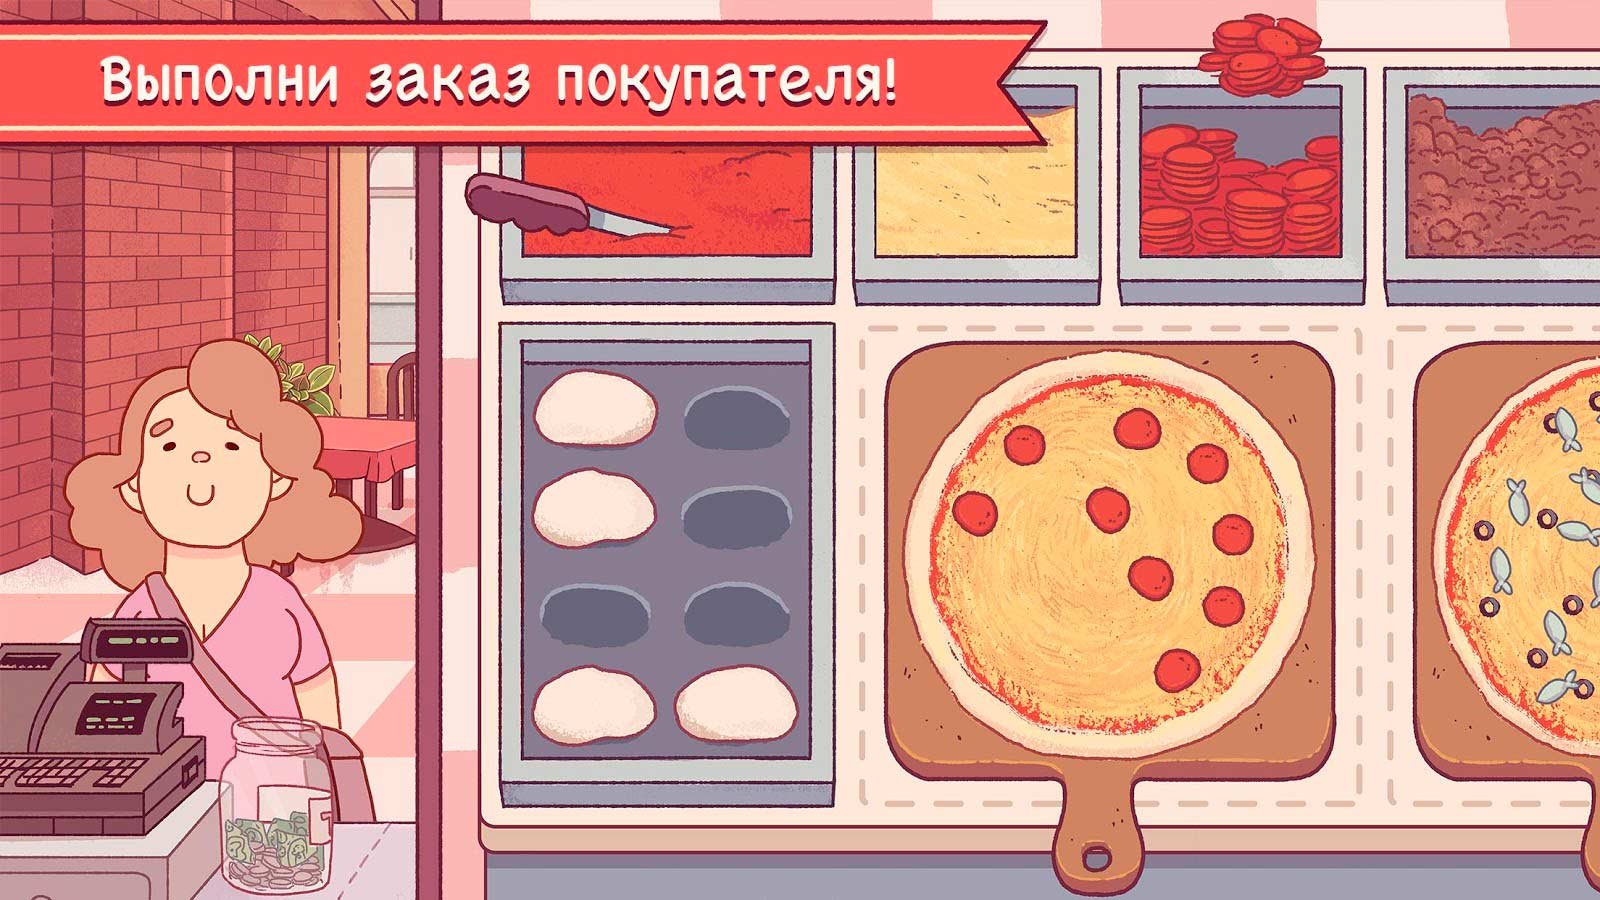 хорошая пицца игра скачать бесплатно на андроид фото 2
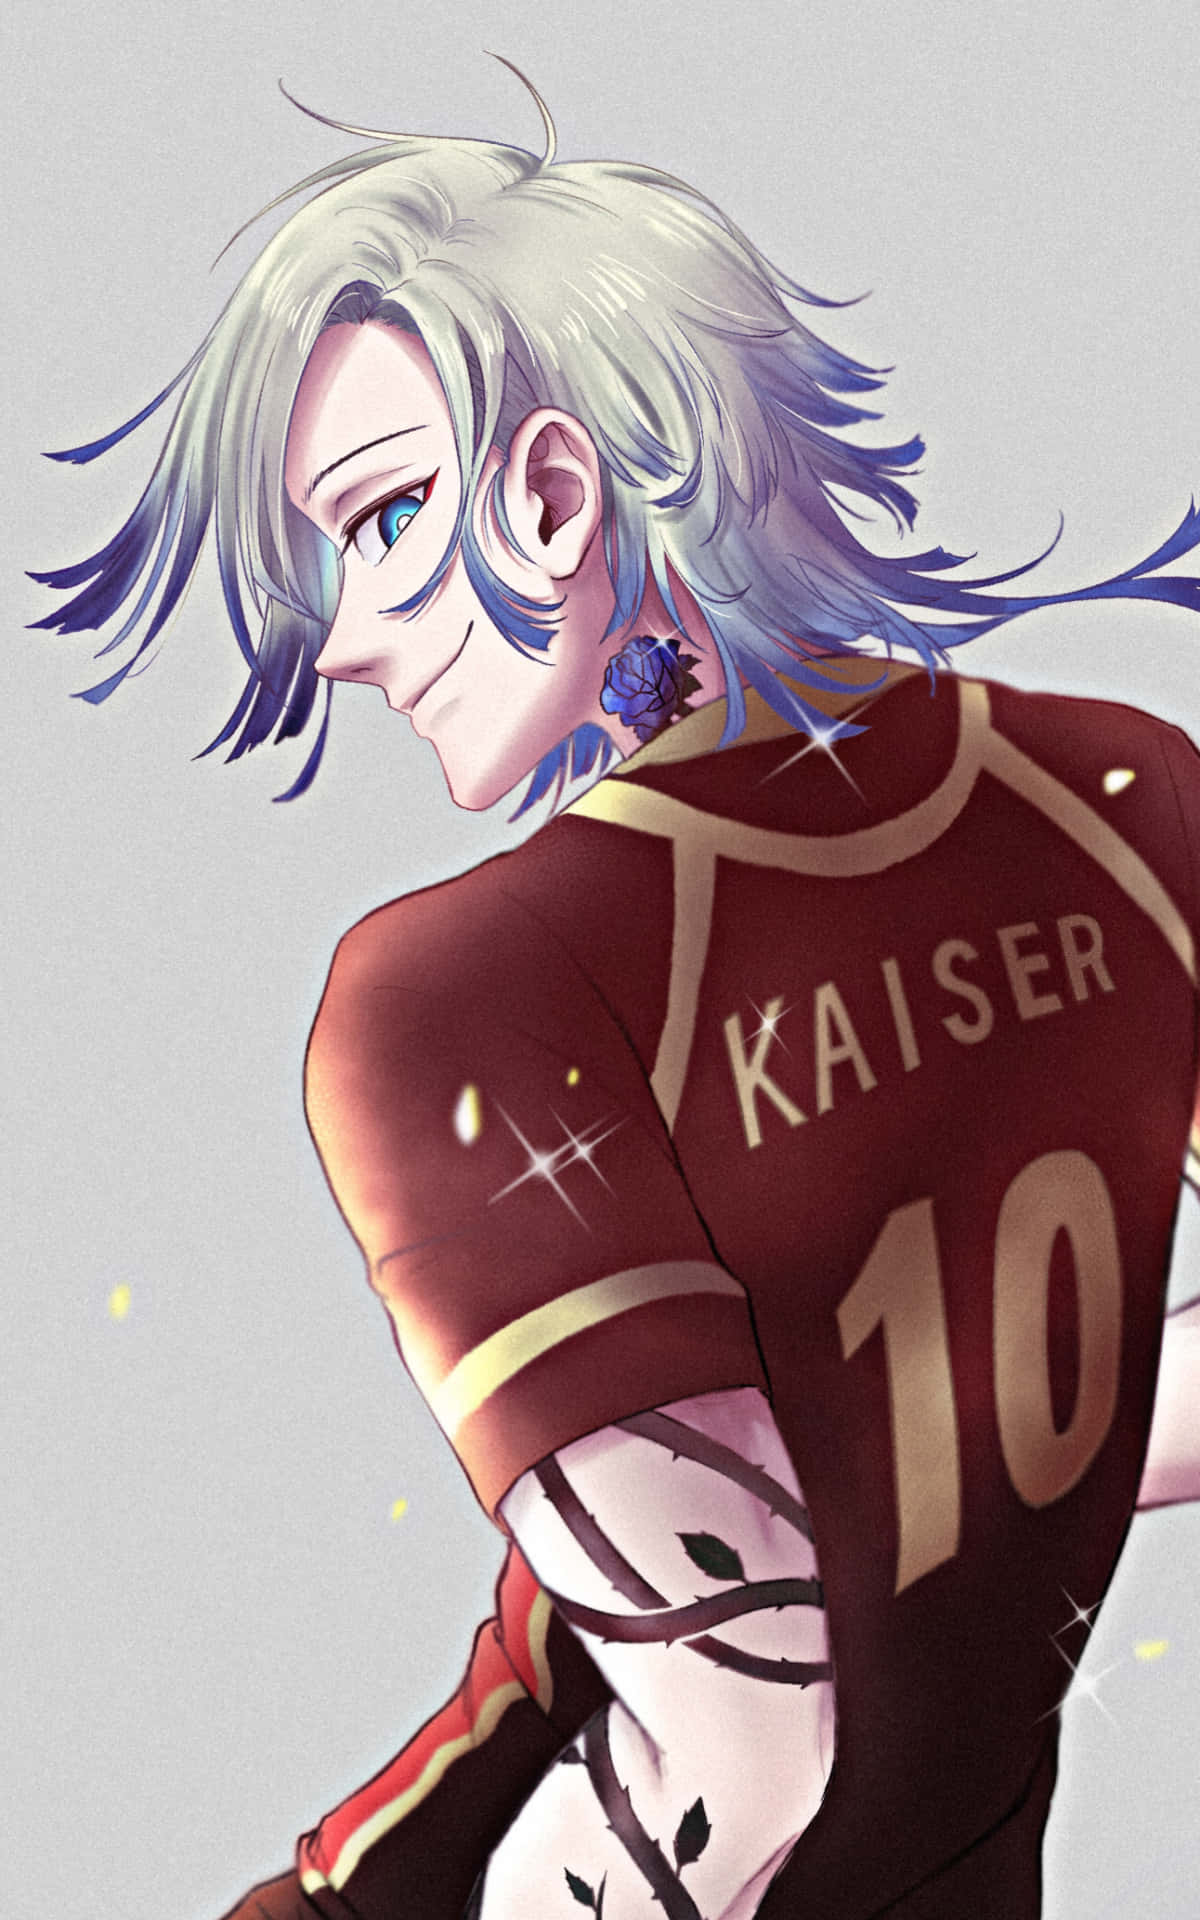 Kaiser10 Anime Character Wallpaper
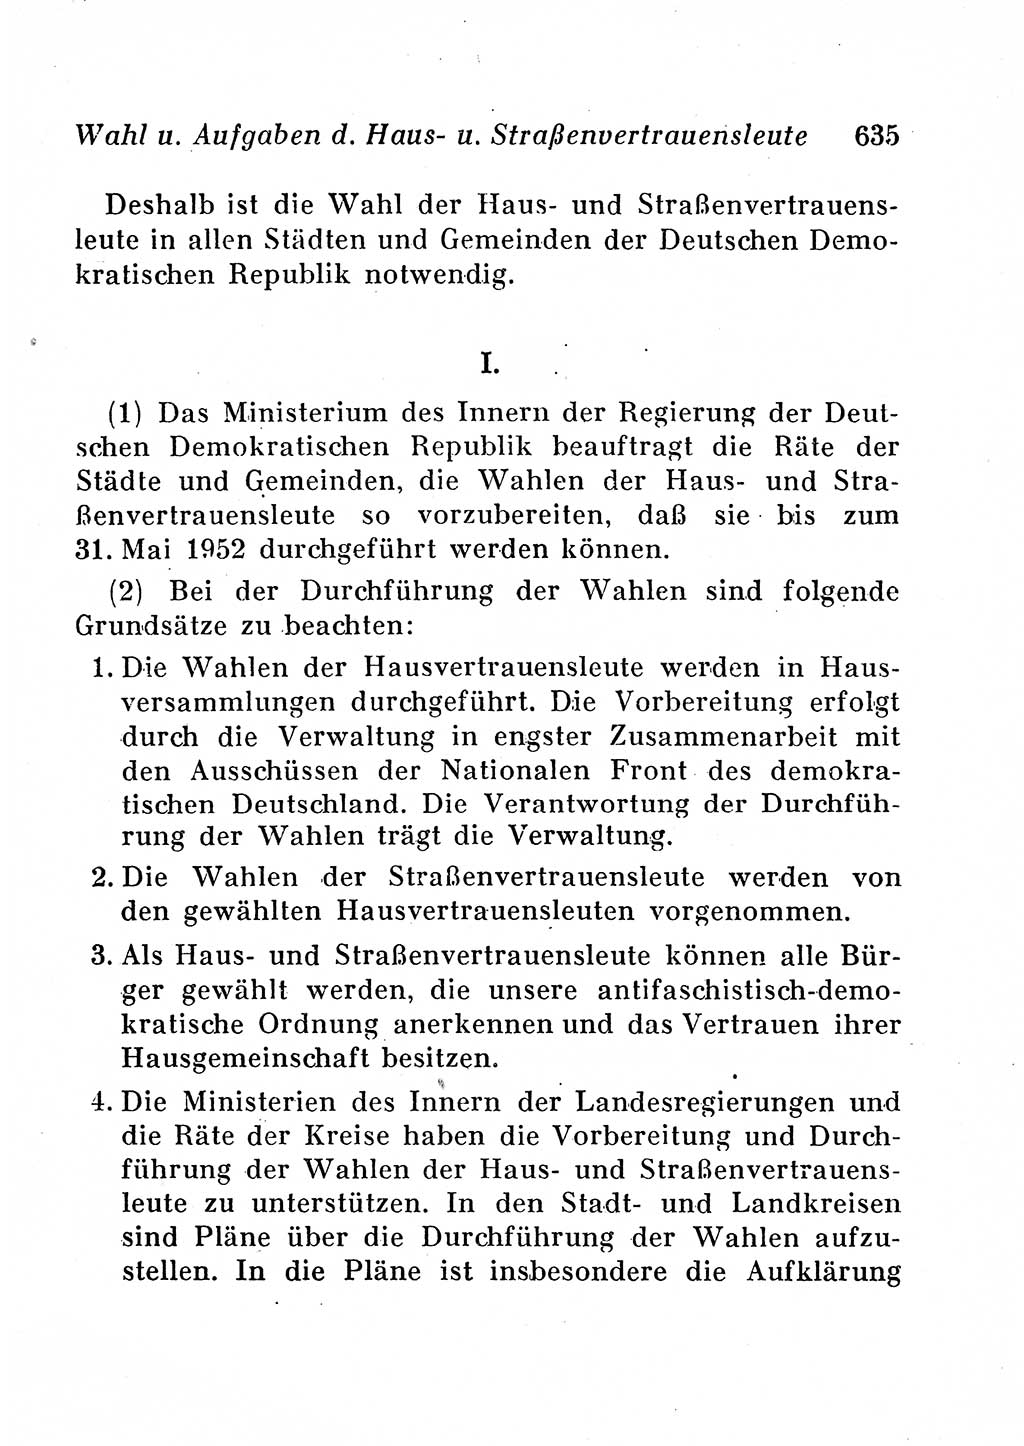 Staats- und verwaltungsrechtliche Gesetze der Deutschen Demokratischen Republik (DDR) 1958, Seite 635 (StVerwR Ges. DDR 1958, S. 635)

### [About this task]
The pictures stay out; copy the rest of the data word for word.

### [Answer]
 хорошая пицца игра скачать бесплатно на андроид фото 2
 Kaiser10 Anime Character Wallpaper
 Staats- und verwaltungsrechtliche Gesetze der Deutschen Demokratischen Republik (DDR) 1958, Seite 635 (StVerwR Ges. DDR 1958, S. 635)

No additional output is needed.